The basis for this allegation is that before the
CMS Committee in 2009 I gave repeated assurances that there was no evidence that any further News of the World employees beyond Clive Goodman, had been involved in phone-hacking (CMS Report 2012, Par. 130) And that I am one of a number of senior executives of News International who, in 2009, lined up to tell the Committee that, as far as they were concerned, Clive Goodman had been a single rogue reporter(CMS Report Par. 120). Not only is this allegation without any evidential foundation, but the relevant transcript demonstrates that I accepted at the very outset before the CMS Committee in 2009 that from April 2008 there was evidence, in the form of the for Neville email, and another document that the problem of accessing by our reporters, or complicity in accessing, went beyond the Goodman/Mulcaire situation.

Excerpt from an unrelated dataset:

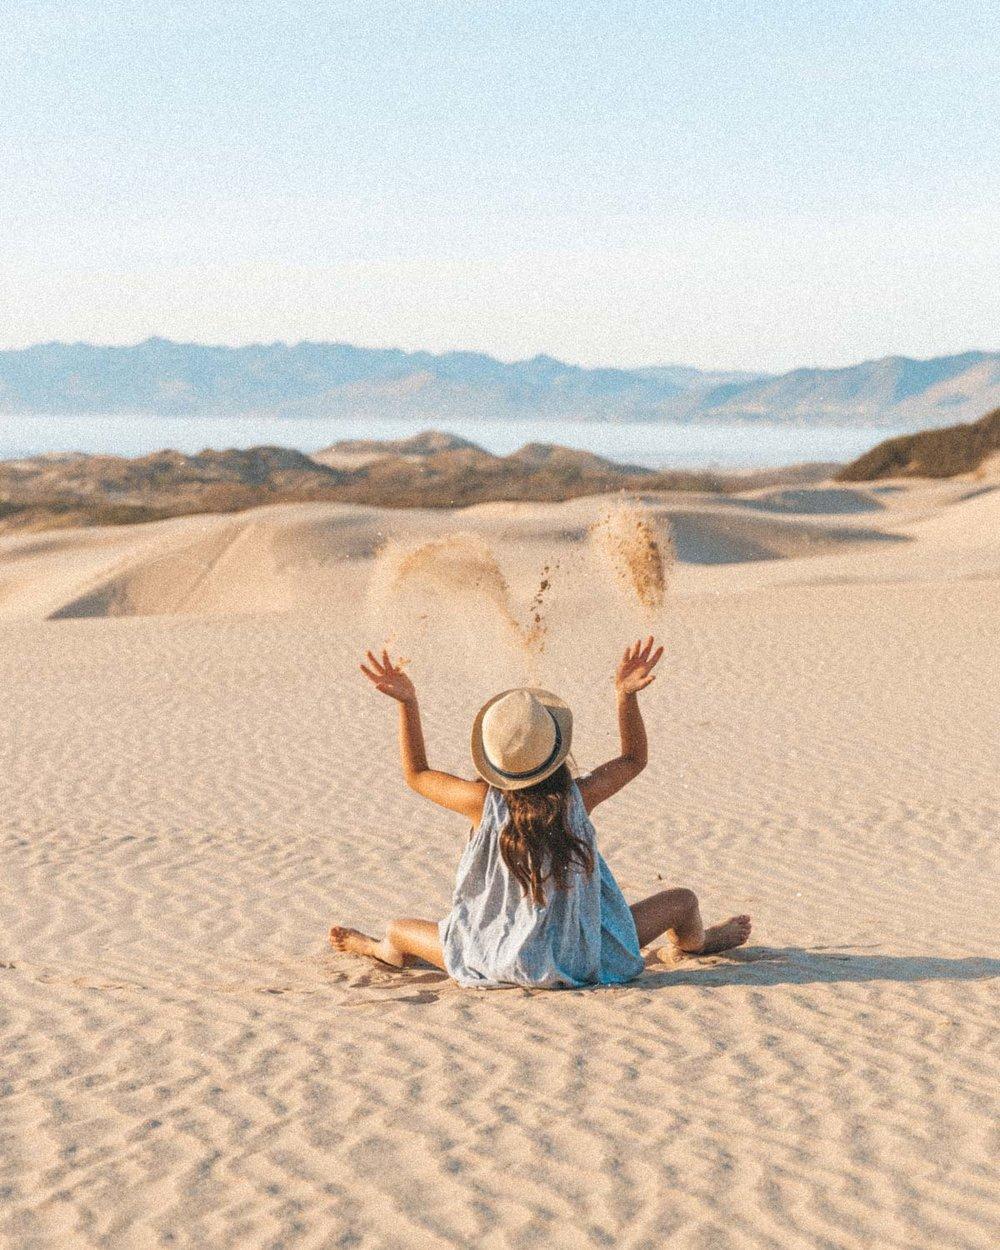 Pismo Beach, California, USA by Madeline Lu @lumadeline

I made that clear in answer to Q1339 (on the first page of the official transcript and quoted in full below) and everything I said thereafter is in the context of that clear and unequivocal admission. I went on to tell the CMS Committee (Q1346) that the intercepted voicemails in the for Neville email must have been used to source a proposed story about Gordon Taylor which had clearly been worked on by reporters other than Clive Goodman. In its 2010 Report criticising me for giving repeated assurances that there was no evidence that any further News of the World employees beyond Clive Goodman had been involved in phone-hacking the CMS Committee made no
reference whatsoever to the clear acceptances of
wider involvement in phone-hacking I gave in answer to Q1339 and Q1406. They did, however, remove the last sentence of my Q1339 answer and publish the rest of it in paragraphs 22 and 23 of their 2012 Report to support their allegation that I, among others, asserted the lone rogue reporter defence. The removal of the last sentence had the effect of reversing the real meaning of what I said in evidence and giving the false impression that I had indeed asserted the lone rogue reporter line. It is almost impossible to see how this could be an innocent misrepresentation. The Privileges Committee Report seems to ignore this point as well as a very large number of other failings by the CMS Committee. My Q1339 answer with the relevant sentence highlighted: In the aftermath of Clive Goodman and Mulcaires arrest and subsequent conviction various internal investigations were conducted by us. This was against the background of a nine month massively intense police investigation prior to arrest and then a continuing investigation in the five months up until conviction. The police raided Mulcaires premises; they raided Goodmans premises; and they raided the News of the World offices. They seized every available document; they searched all the computers, the files, the emails et cetera. Subsequent to the arrests they came to us, the News Group Newspapers Ltd, and made various requests to us to produce documents which they felt may be relevant. At no stage during
their investigation or our investigation did any evidence
arise that the problem of accessing by our reporters, or complicity of accessing by our reporters, went beyond the Goodman/Mulcaire situation. The first piece of evidence we saw of that, in terms of the management investigating, was in April 2008 when Mr Taylors lawyers produced two documents: the first was a February 2005 holding contract and the second was the email that was discussed here last week (i.e. the For Neville email).